These authors sought to determine the influence of preoperative anemia severity on 30-day postoperative complications following primary TSA using the National Surgical Quality Improvement Program (NSQIP) database from 2012 to 2018.
Patients undergoing TSA stratified into 3 cohorts: non-anemia (hematocrit >36% for women, > 39% for men), mild anemia (hematocrit 33% to 36% for women, 33% to 39% for men), and moderate to severe anemia (hematocrit < 33% for both women and men).
Of 13,921 total patients undergoing TSA, 11,330 patients (81.4%) did not have anemia, 1,934 (13.9%) had mild anemia, and 657 (4.7%) had moderate to severe anemia.
Patients with mild anemia were more likely to have a postoperative blood transfusion (OR 4.7; p < 0.001), extended length of stay (OR 1.7; p = 0.002), and reoperation (OR 1.5; p =0.028).
Patients with moderate to severe anemia were at increased risk of cardiac complications (OR 3.0; p = 0.012), pulmonary complications (OR 2.2; p = 0.015), postoperative blood transfusion (OR 23.8; p < 0.001), extended length of stay (OR 6.6; p < 0.001), reoperation (OR 2.2; p = 0.003), and death (OR 3.8; p = 0.034).
These findings are similar to those from another recent study.
The Impact of Preoperative Anemia on Complications After Total Shoulder Arthroplasty
These authors investigated the relationship between varying levels of preoperative anemia and postoperative complications within 30 days of total shoulder arthroplasty (TSA) in 10,547 patients.
The degree of anemia was categorized based on preoperative hematocrit levels: normal (>39% for men and >36% for women), mild anemia (29% to 39% for men and 29% to 36% for women), and severe anemia (<29% for both men and women).

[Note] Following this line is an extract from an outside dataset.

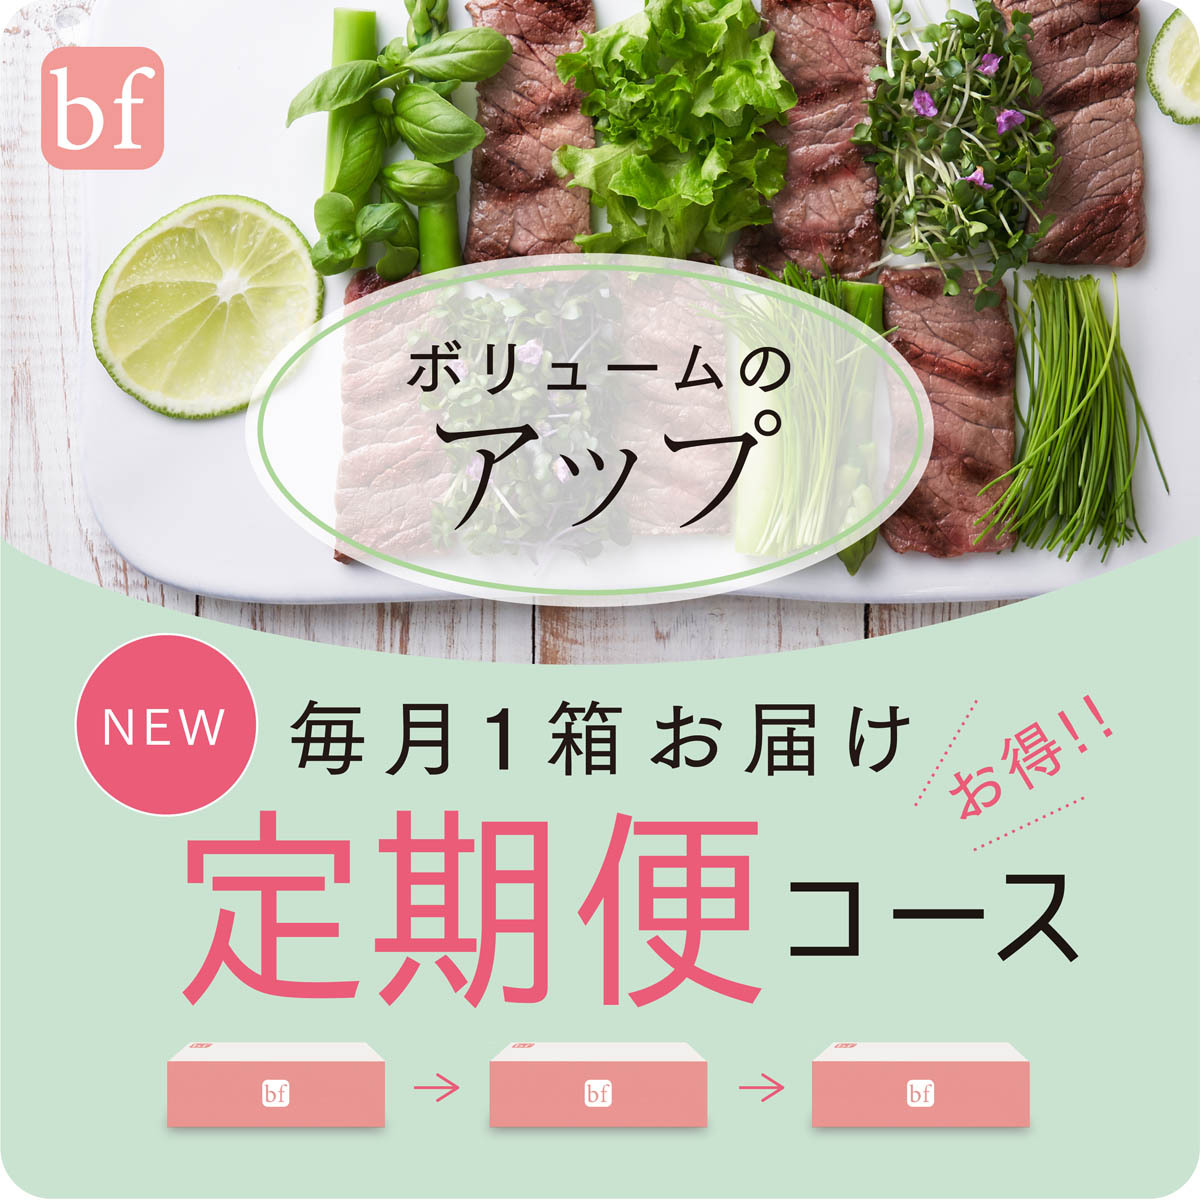 bf アップ【定期便】
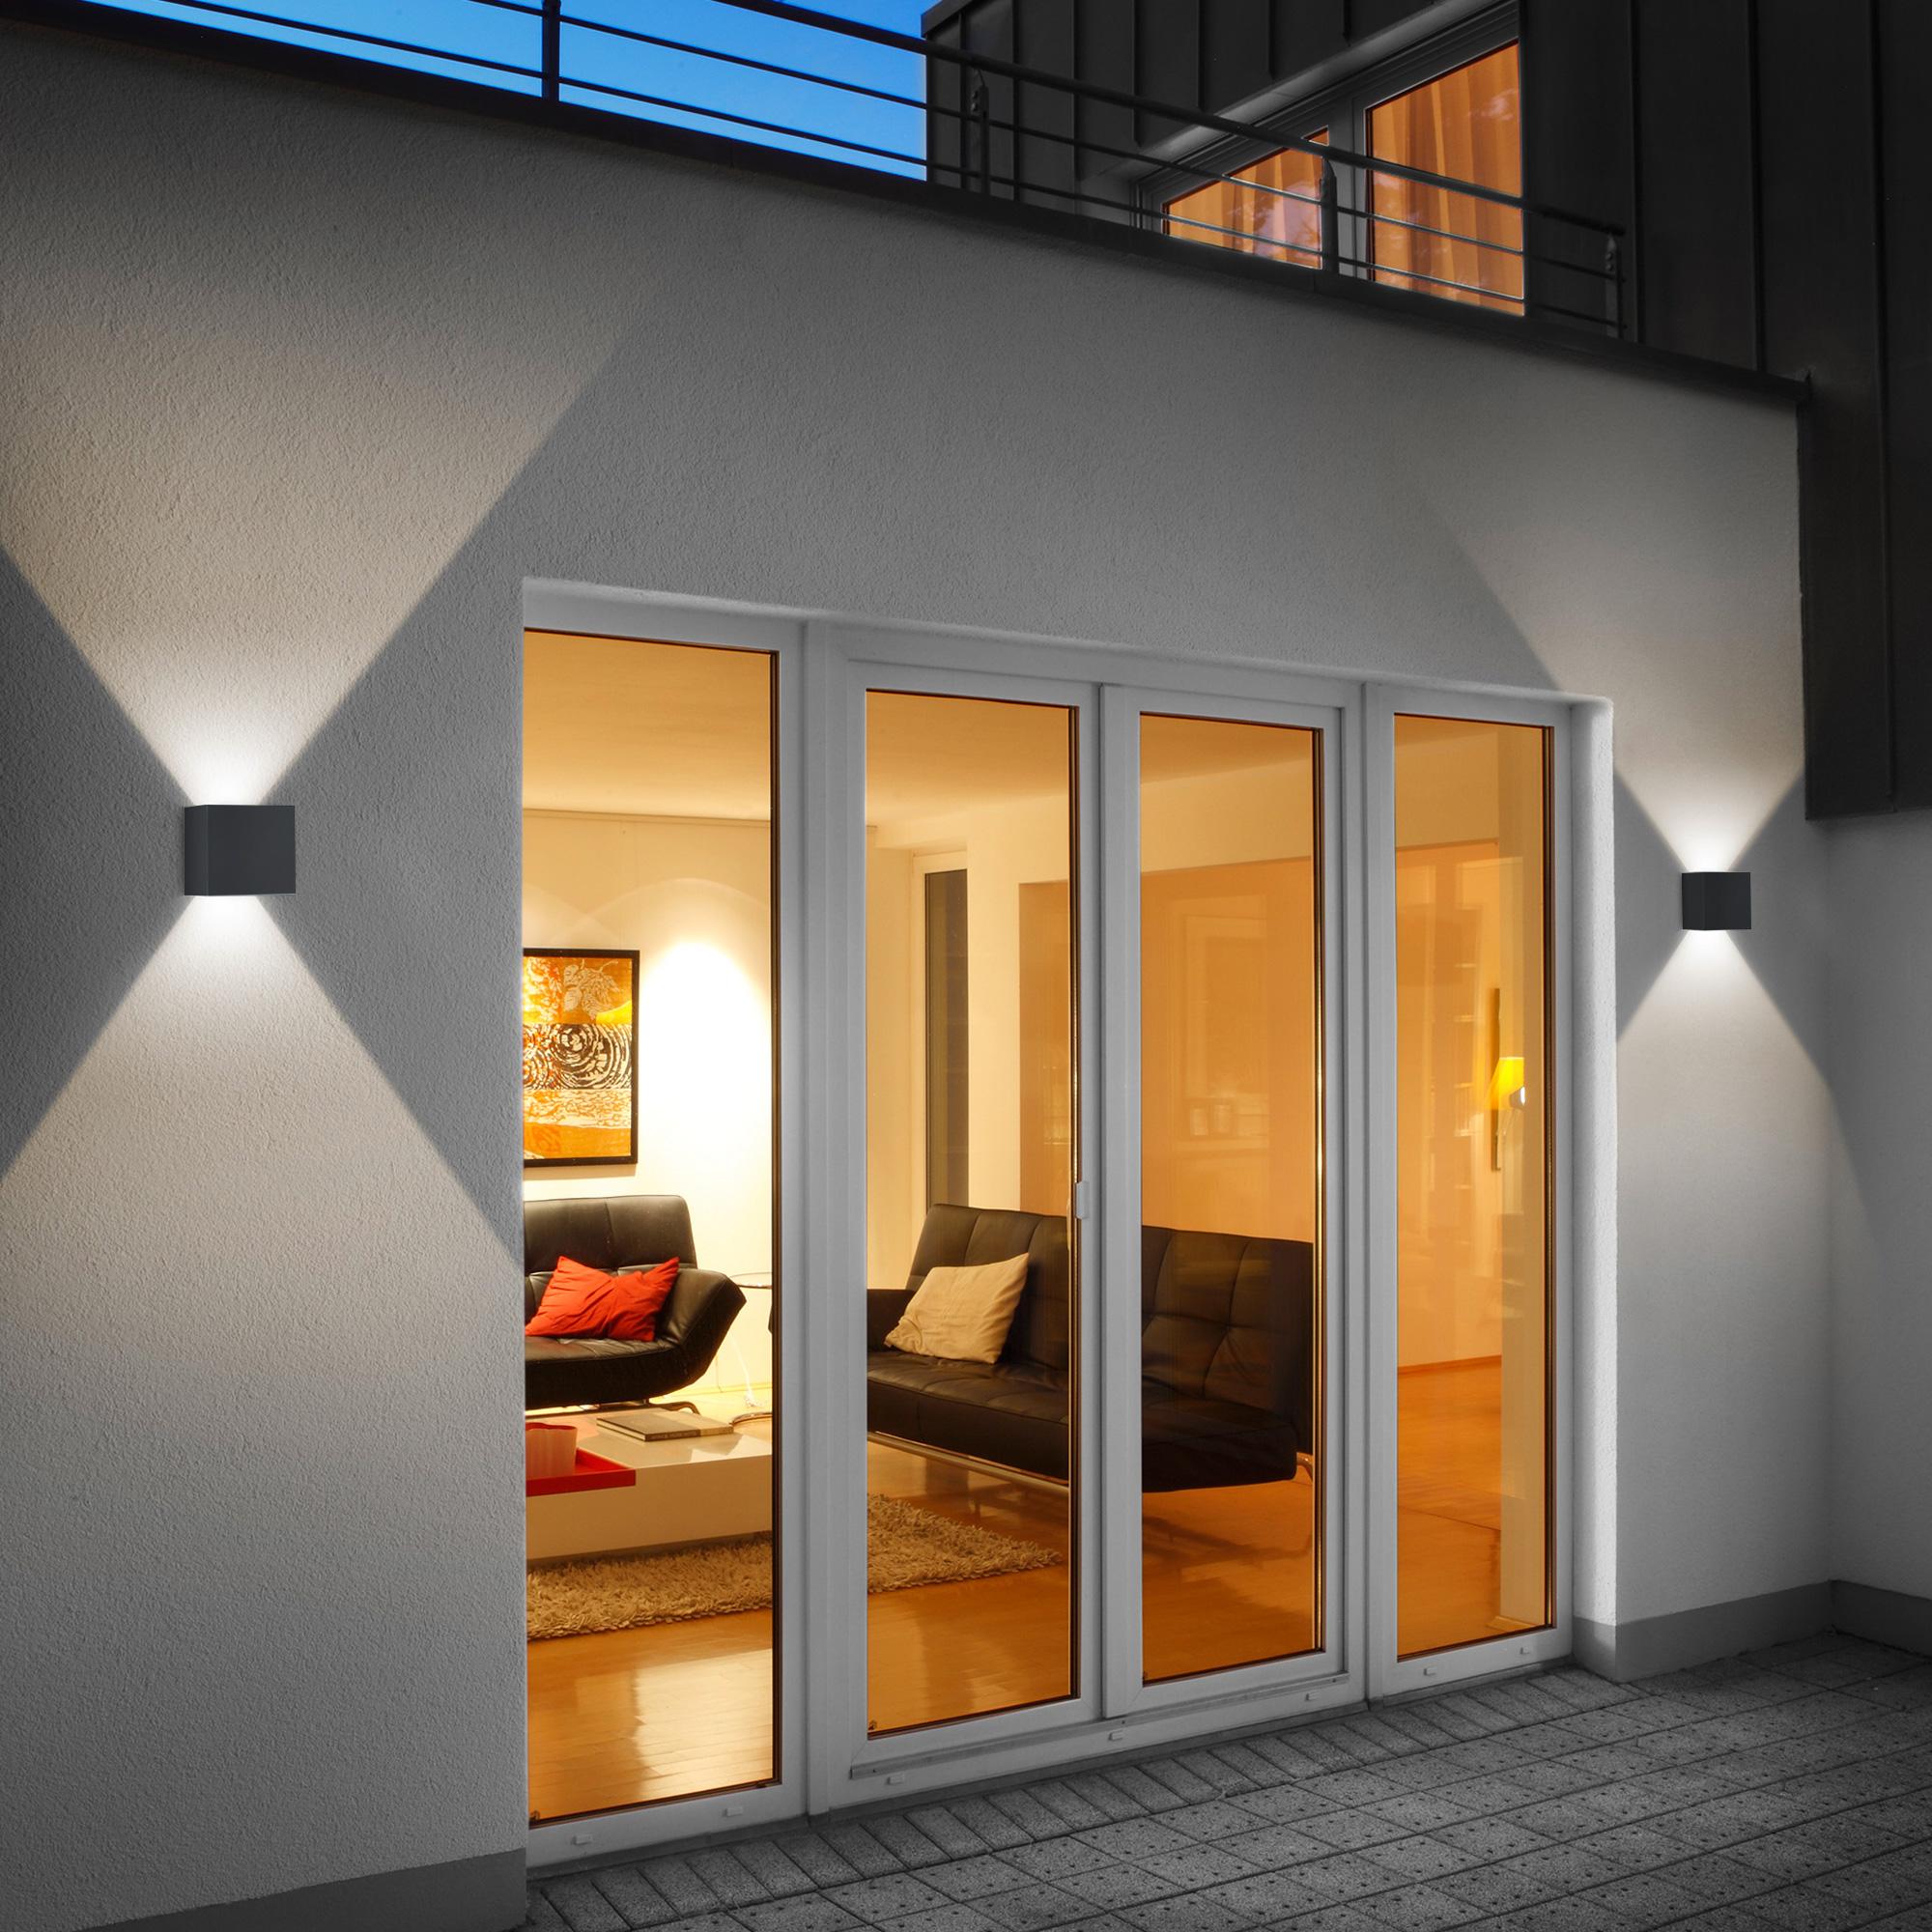 Helestra siri 44 led wandleuchte lichtaustritt verstellbar reuter onlineshop - Wandbeleuchtung aussen ...

1,923 patients were (18.2%) in the mild anemia cohort and 146 (1.4%) were in the severe anemia cohort.
Mild anemia was a significant predictor of any complication (odds ratio [OR] 2.74, P < 0.001), stroke/cerebrovascular accident (OR 6.79, P = 0.007), postoperative anemia requiring transfusion (OR 6.58, P < 0.001), nonhome discharge (OR 1.79, P < 0.001), readmission (OR 1.63, P < 0.001), and return to the surgical room (OR 1.60, P = 0.017).
Severe anemia was identified as a significant predictor of any complication (OR 4.31, P < 0.001), renal complication (OR 13.78, P < 0.001), postoperative anemia requiring transfusion (OR 5.62, P < 0.001), and nonhome discharge (OR 2.34, P < 0.001).
Comment: These authors found that 20% of patients having TSA were anemic! Preoperative anemia status was a notable risk factor for postoperative complications within 30 days of TSA. Even mildly decreased preoperative hematocrit levels (between 29% and 36% for women and between 29% and 39% for men) notably increased the risk of stroke/CVA, postoperative anemia requiring transfusion, nonhome discharge, hospital readmission, and return to the surgical room. In addition, severe anemia (hematocrit <29% in both men and women) was identified as a predictor of postoperative anemia requiring transfusion, nonhome discharge, and renal complications after TSA.
A greater proportion of patients with mild anemia were functionally dependent, used steroids, had an ASA ≥3, and had a BMI <25.
Anemia may result from nutrient deficiency, chronic proinflammatory states, chronic kidney disease, and bone marrow dysfunction. Deficiencies of vitamin B12, iron, and folate may account for one third of the etiologies of anemia.
These studies did not evaluate the effectiveness of correcting patients' hematocrit preoperatively on postoperative complications after TSA.